- Status: In force
- Year started: 2019
- Latest version: (06/19) June 2019
- Organization: ITU-T
- Committee: ITU-T Study Group 13
- Related standards: Y.3173, Y.3174, Y.3176, Y.3179, Y.3181
- Domain: machine learning, 5G
- License: Freely available
- Website: www.itu.int/rec/T-REC-Y.3172

= Y.3172 =

ITU-T recommendation

Y.3172 is an ITU-T Recommendation specifying an architecture for machine learning in future networks including 5G (IMT-2020). The architecture describes a machine learning pipeline in the context of telecommunication networks that involves the training of machine learning models, and also the deployment using methods such as containers and orchestration.
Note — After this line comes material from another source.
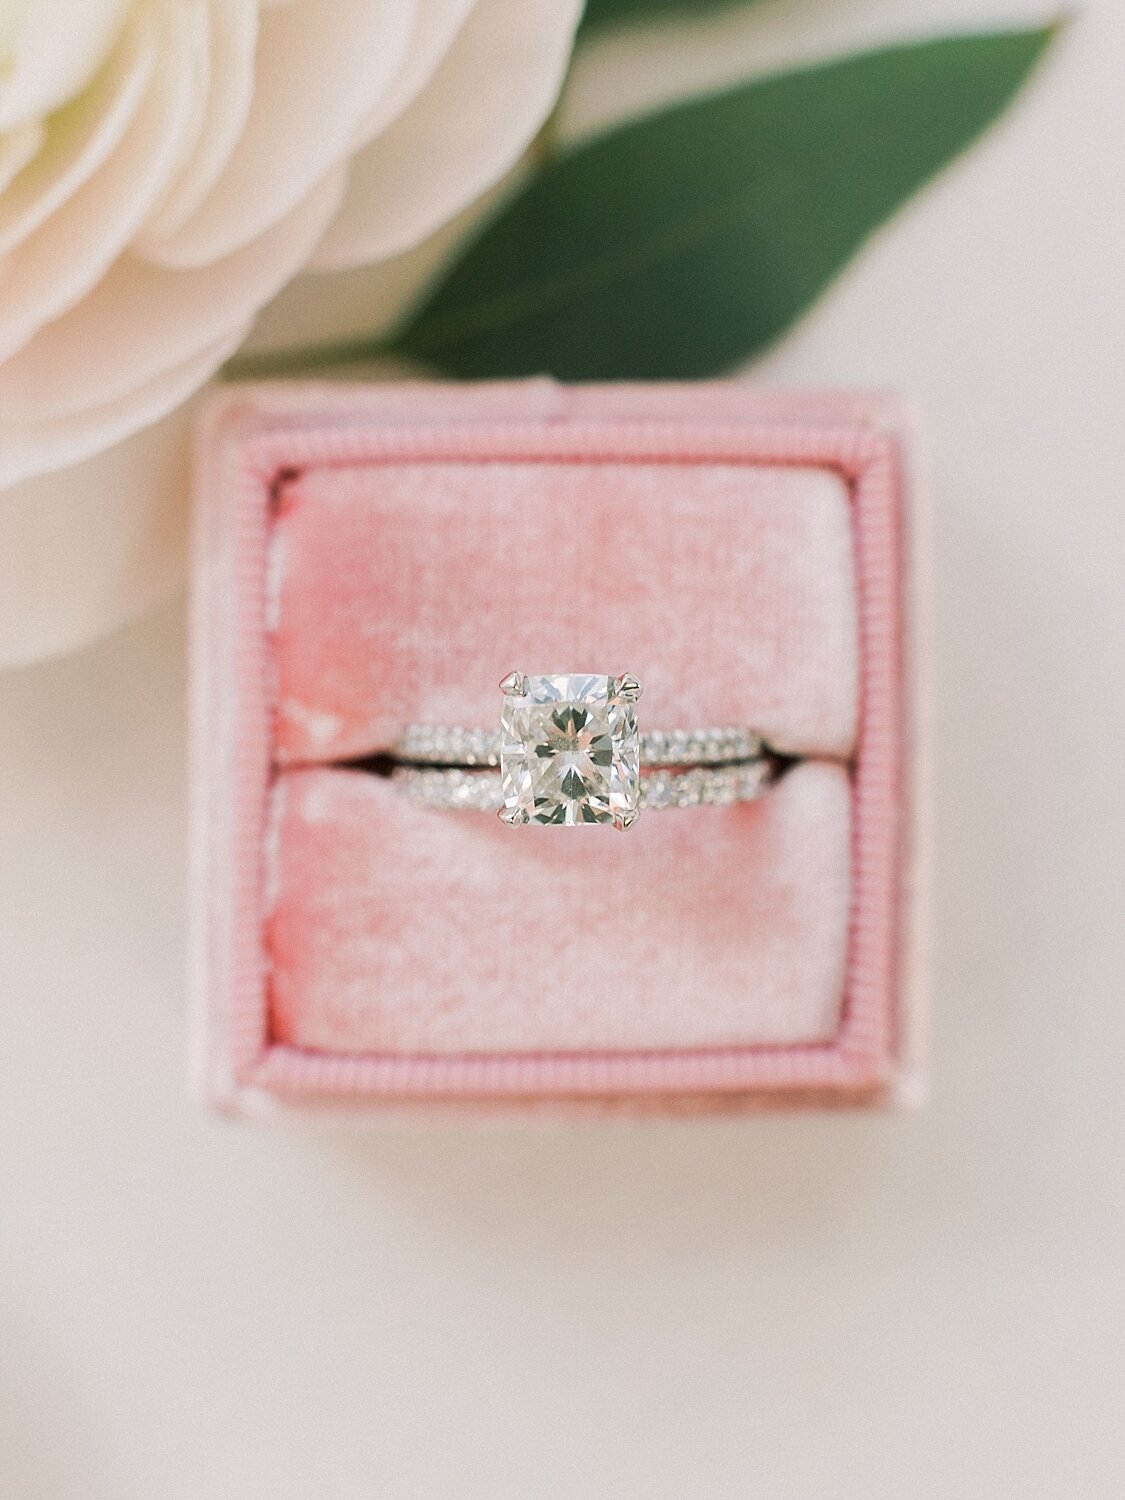 bride's engagement ring in pink box photographed by Asher Gardner Photography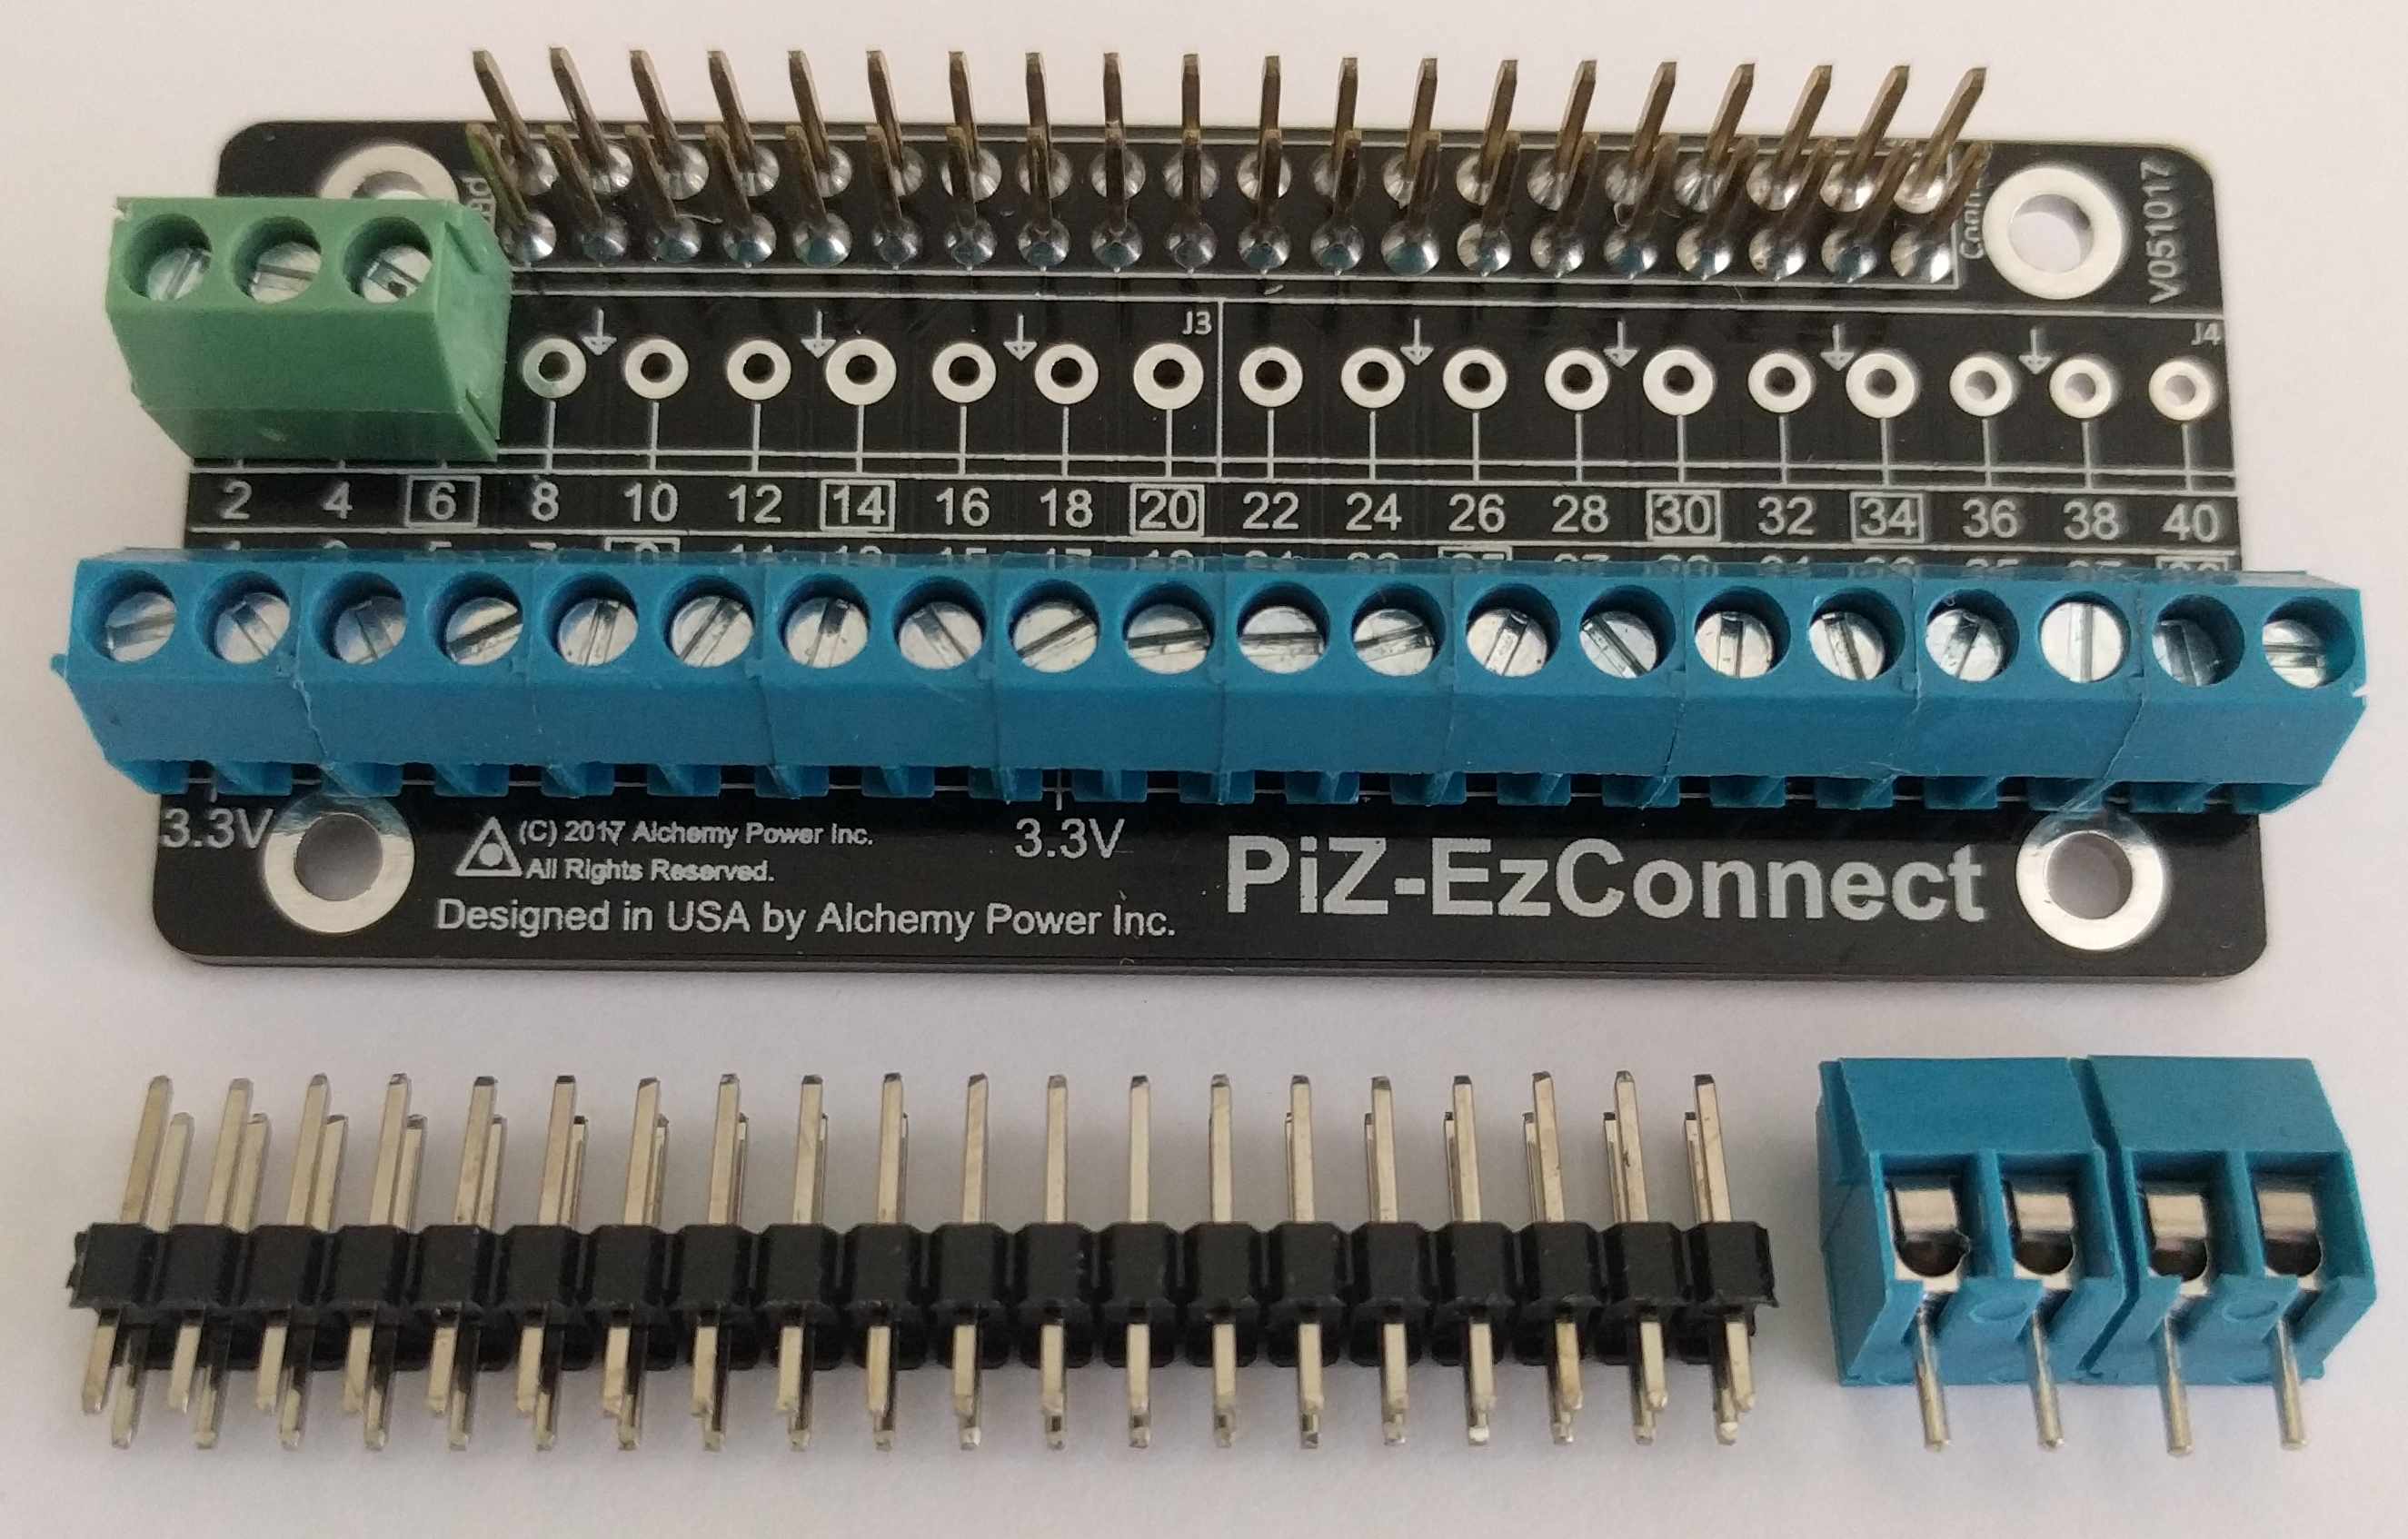 PiZ-EzConnect with header pins and additional terminal blocks

A set of architectural requirements and specific architectural components needed to satisfy these requirements are presented. This includes i.a., machine learning pipeline as well as machine learning management and orchestration functionalities. Additionally, the standard describes the integration of such components into future networks including IMT-2020 as well as guidelines for applying this architectural framework in a variety of technology-specific underlying networks.

The Recommendation Y.3173 builds upon Y.3172 by specifying a framework for evaluation intelligence levels of future networks.

== Machine Learning pipeline ==
- 'SRC' (source): This node is the source of data that can be used as input to the ML pipeline.
- 'C' (collector): This node is responsible for collecting data from one or more SRC nodes.
- 'PP' (preprocessor): This node is responsible for cleaning data, aggregating data or performing any other preprocessing needed for the data to be in a suitable form so that the ML model can consume it.
- 'M' (model): This is a machine learning model, in a form which is usable in a machine learning pipeline.
- 'P' (policy): This node enables the application of policies to the output of the model node.
- 'D' (distributor): This node is responsible for identifying the SINK(s) and distributing the output of the M node to the corresponding SINK nodes.
- 'SINK': This node is the target of the ML output on which it takes action.

== History ==
At the 2017 AI for Good summit the idea for a Focus Group on Machine Learning for 5G (FG-ML5G) arose, similar to the way the summit gave rise the ITU-WHO Focus Group on Artificial Intelligence for Health. The Focus Group finalized the standard in May 2019 and submitted it to ITU-T Study Group 13 (its parent body) for adoption as an ITU-T Recommendation, which happened in June 2019.

Based on Y.3172 ITU launched an AI/ML 5G Challenge, on implementing this architecture.